Posts Tagged Surry Hills
Unselected readings
Posted by megan in city, signs & symbols, wet cement on April 30th, 2010
In the ten years since I became obsessed with pavement inscriptions I’ve taken hundreds of photographs. With so many to choose from it’s not too hard to find examples to illustrate any point I might want to make when I write about the pavement as a medium for expression.
But what if I took a walk on an arbitrary route from an arbitrary starting point and photographed every picture, sign and scribble on the pavement along the way? Would that series of unselected inscriptions unfold as a coherent story?
I tried this as an experiment for the Open Fields forum at UTS (University of Technology, Sydney). I started in Surry Hills at a street with a very common name, Smith Street, and took a zig-zag route in a direction away from the centre of the city. I got as far as Waterloo, only about 2 km as the ibis flies, but I had taken more than 3 hours and photographed around 150 pavement inscriptions.
I made a slide show of these Unselected readings in the order in which I found them. But here’s a confession: although I stuck to my arbitrary rules for the day pretty well, I did stop photographing every manhole cover and every wet cement inscription, because there were so many of them.
What did I find out from this experiment? Well, perhaps I will talk about that in future blog entries.
Anarchy or acne?
Posted by megan in signs & symbols on February 5th, 2010
Survey marks on the paving are like an irruption from beneath, disfiguring the surface with a disturbing reminder of what is going on below. The city’s skin blemishes are spreading.
Pedestrian beware
Posted by megan in bicycles, territoriality on October 3rd, 2009

Wilson Street, Newtown
LOOK LEFT for motor vehicles. Oops! Sorry about the bicycle that just crashed into you from the right.

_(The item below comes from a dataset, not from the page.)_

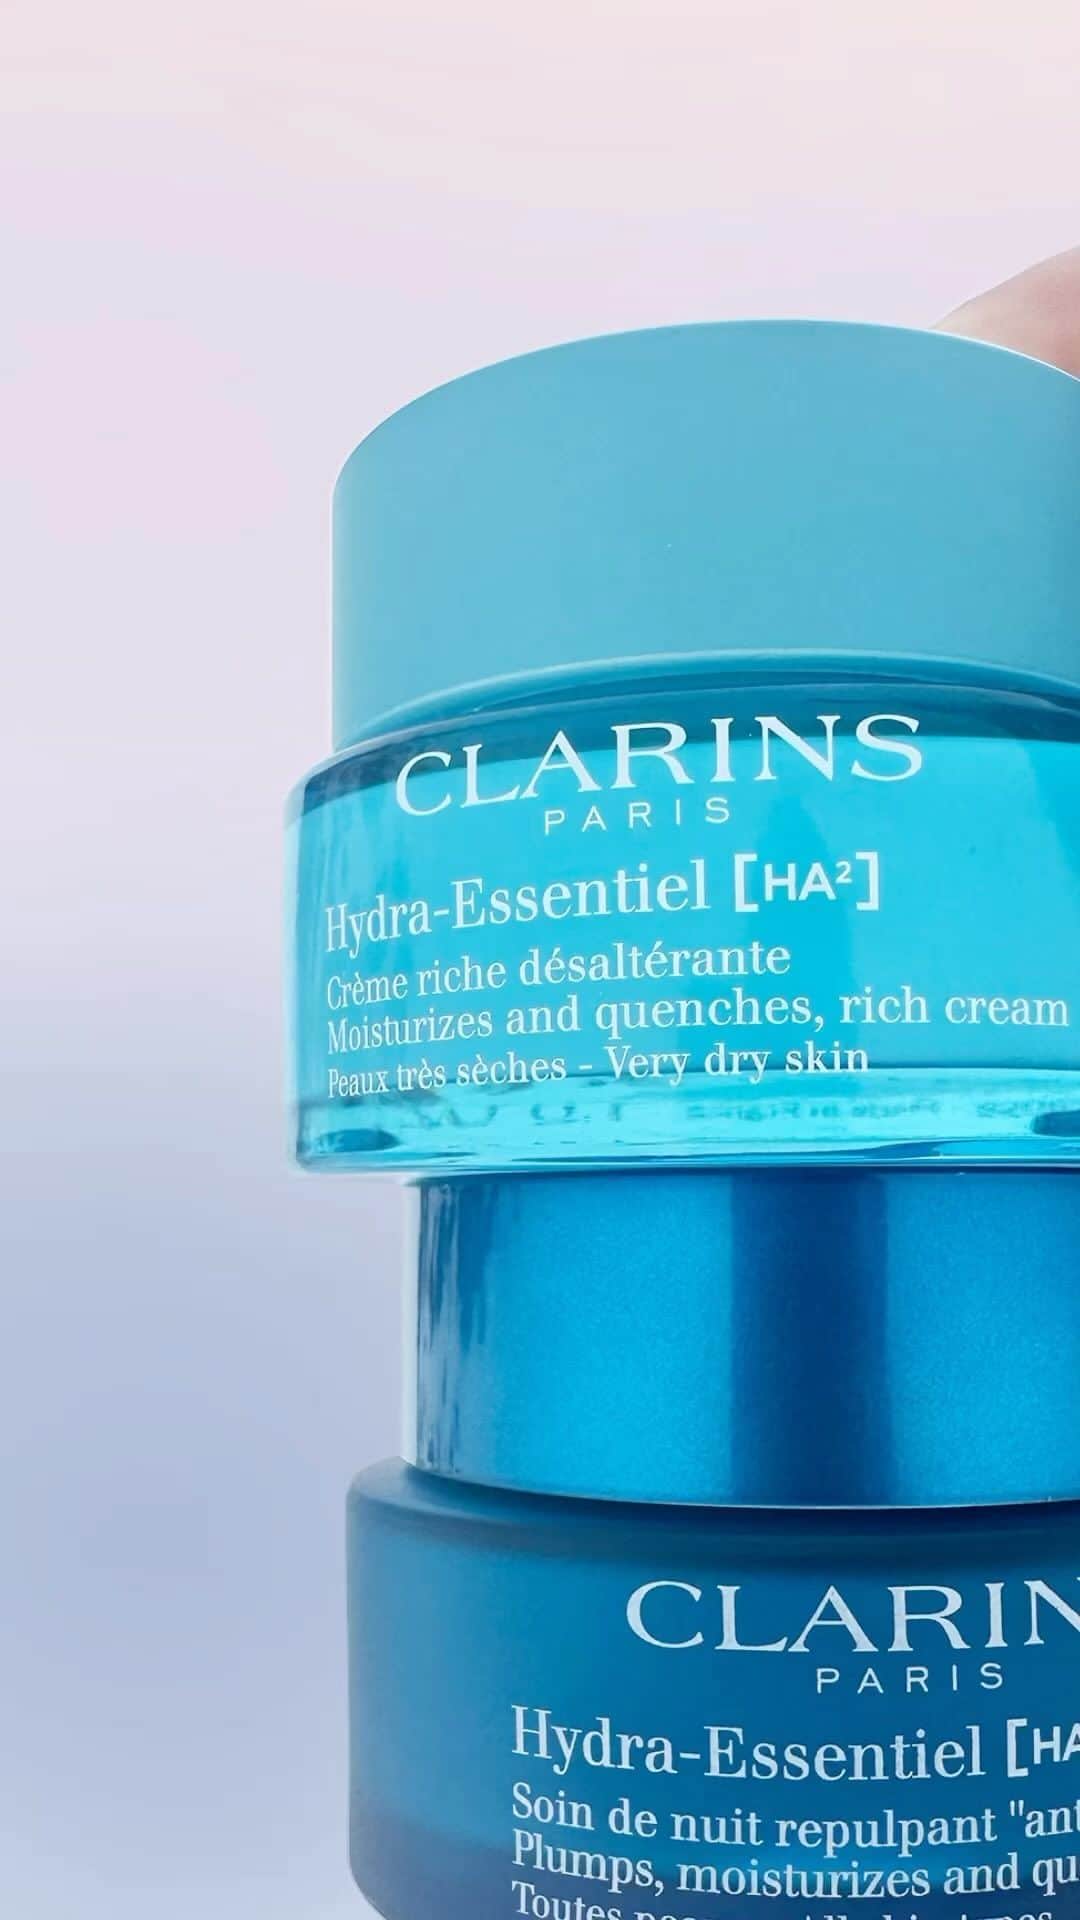 ClarinsUKのインスタグラム：「Get ready to feel your skin looking more plump and radiant than ever…Feel the difference in just 60 seconds!  🩵 DAY 🩵Hydra -Essential [HA2] Silky Cream. Enriched with Clarins’ exclusive Hyaluronic Power Complex for protection against external aggressors, and is a natural moisturiser.  💙 NIGHT 💙Hydra -Essential [HA2] Night Cream. Enriched with Clarins’ exclusive Hyaluronic Power Complex and Squalane to compensate for water loss during the night.  Drop us an 🩵 if you use the Hydra Essential [HA2] range   #Clarins #Skincare #HydraEssential #Hydration」

Bourke Street, Surry Hills
Translation required
Posted by megan in animal life, chalk, mysteries on September 29th, 2009
I figured this sign was not meant for me. Some private joke or invitation, but still I was intrigued. Sat 1st? Yes, I got that – the previous Saturday was August 1st. Queen Street? King Street? Crown Street? No streets of that name anywhere near this spot, the corner of Ross and Hereford Streets, Forest Lodge (Glebe). And as for the upbeat insect? No idea.
A month later I found an answer of sorts in Cleveland Street, Surry Hills, some three or four kilometres away. A notice chalked in the same hand for Surry Hills Markets, always held in Crown Street on the first Saturday of the month. So the notice in Glebe was meant for me … and everyone else. But I still don’t get the ant.

Big love
Posted by megan in personal notices on July 4th, 2009
Every so often a large romantic message turns up on the pavement – sometimes on a country road, sometimes on a city street – turning private feelings into blaring headlines. Obviously premeditated and deliberately located so they will be seen by the object of affection (or disappointment), these messages can’t be compared with the miniature declarations of love made by wet cement opportunists. I believe they are generally written by males. Am I right?
Shane loves Bonnie was written in Wilson Street, Newtown, in 2008. I photographed Please come home I love you in Surry Hills in 2005 when it had been there for a long time.
I’ve written about public-personal notices in an article in the journal antiTHESIS.
Hicks, M. Hard feelings. antiTHESIS 19 Exhibitionism: 229-233.